__HOW TO COMPLETE THIS TASK__
Of the entries below, restate word for word only the section that runs from the line with "Modello Voiture De Course Joustra Anni 60/70" to the line with "Made in France", counting both ends.

__INPUT DATA__
=======
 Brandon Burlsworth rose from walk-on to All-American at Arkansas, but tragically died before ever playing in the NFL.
=======
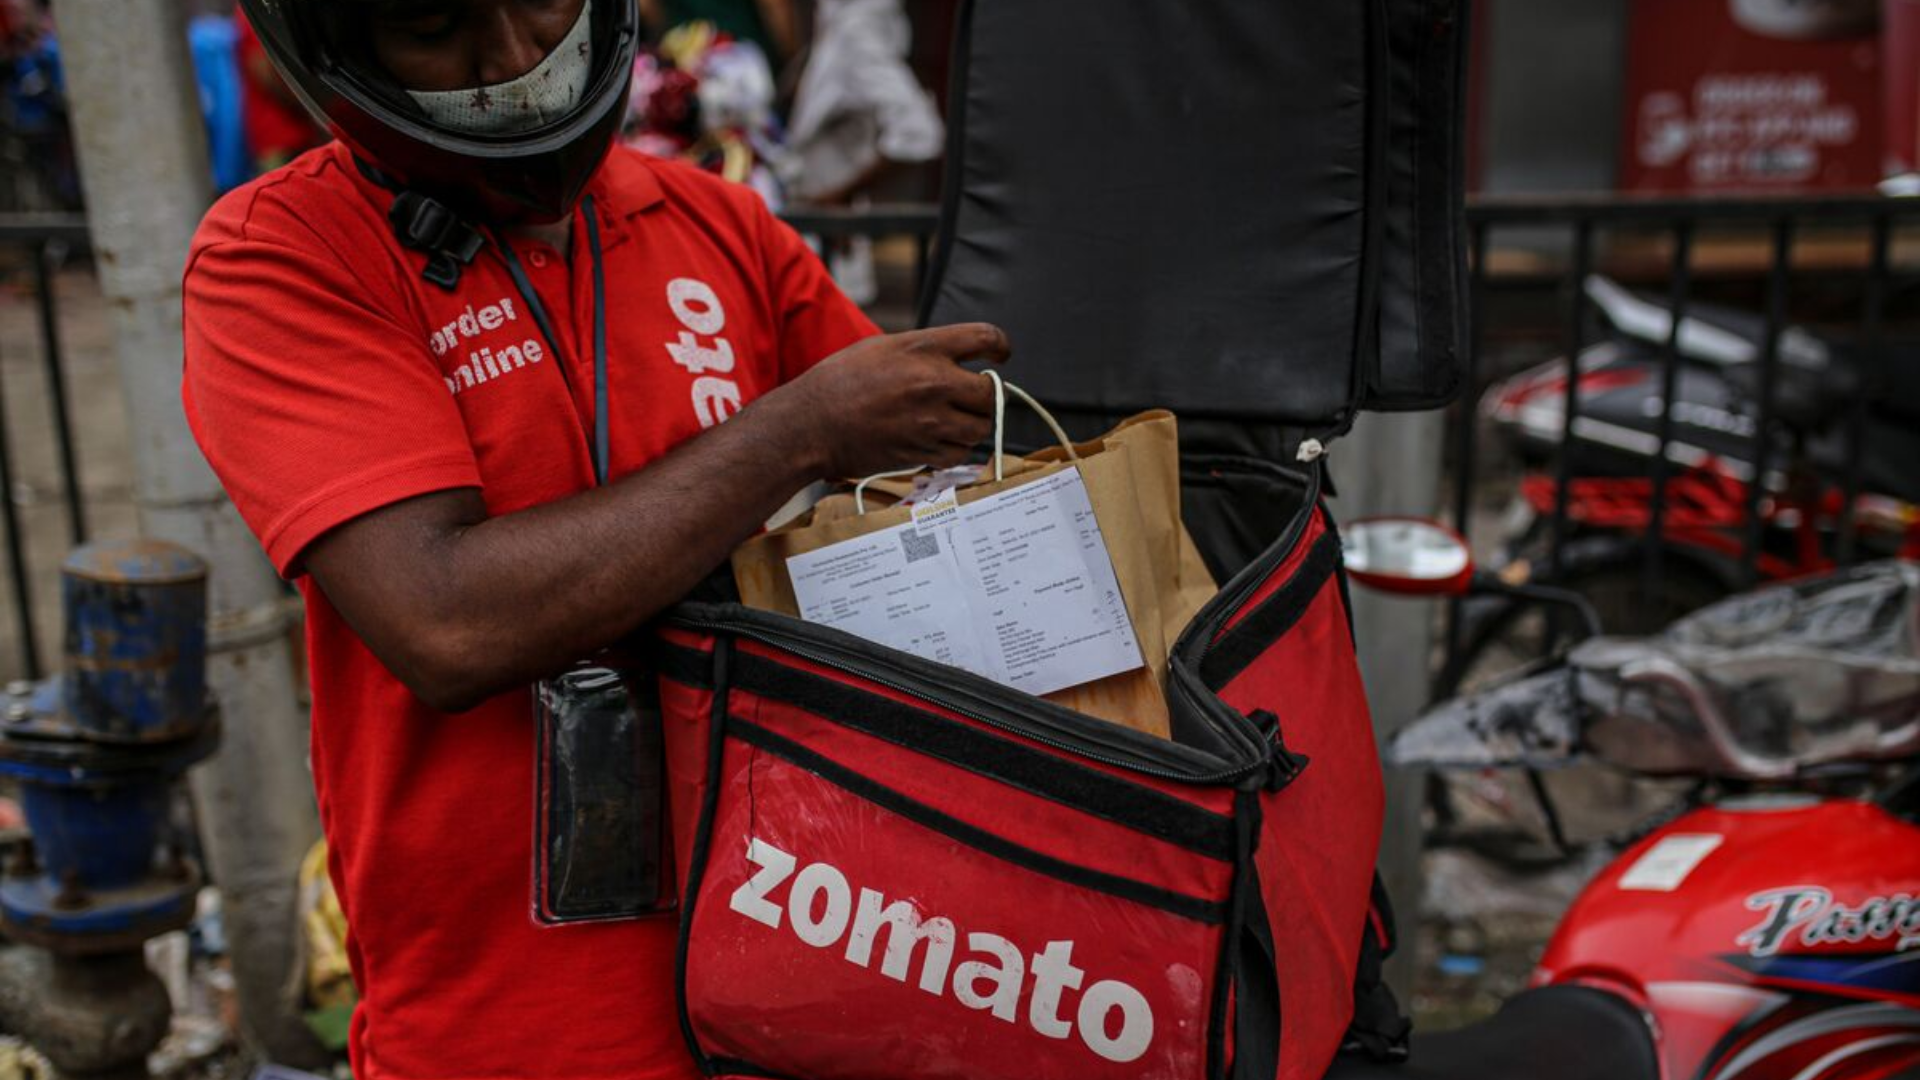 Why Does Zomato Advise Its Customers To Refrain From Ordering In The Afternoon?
=======
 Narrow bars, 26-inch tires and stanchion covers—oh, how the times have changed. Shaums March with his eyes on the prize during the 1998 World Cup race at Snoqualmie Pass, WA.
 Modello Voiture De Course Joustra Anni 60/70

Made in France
=======
__ANSWER TO THE EXERCISE__
 Modello Voiture De Course Joustra Anni 60/70

Made in France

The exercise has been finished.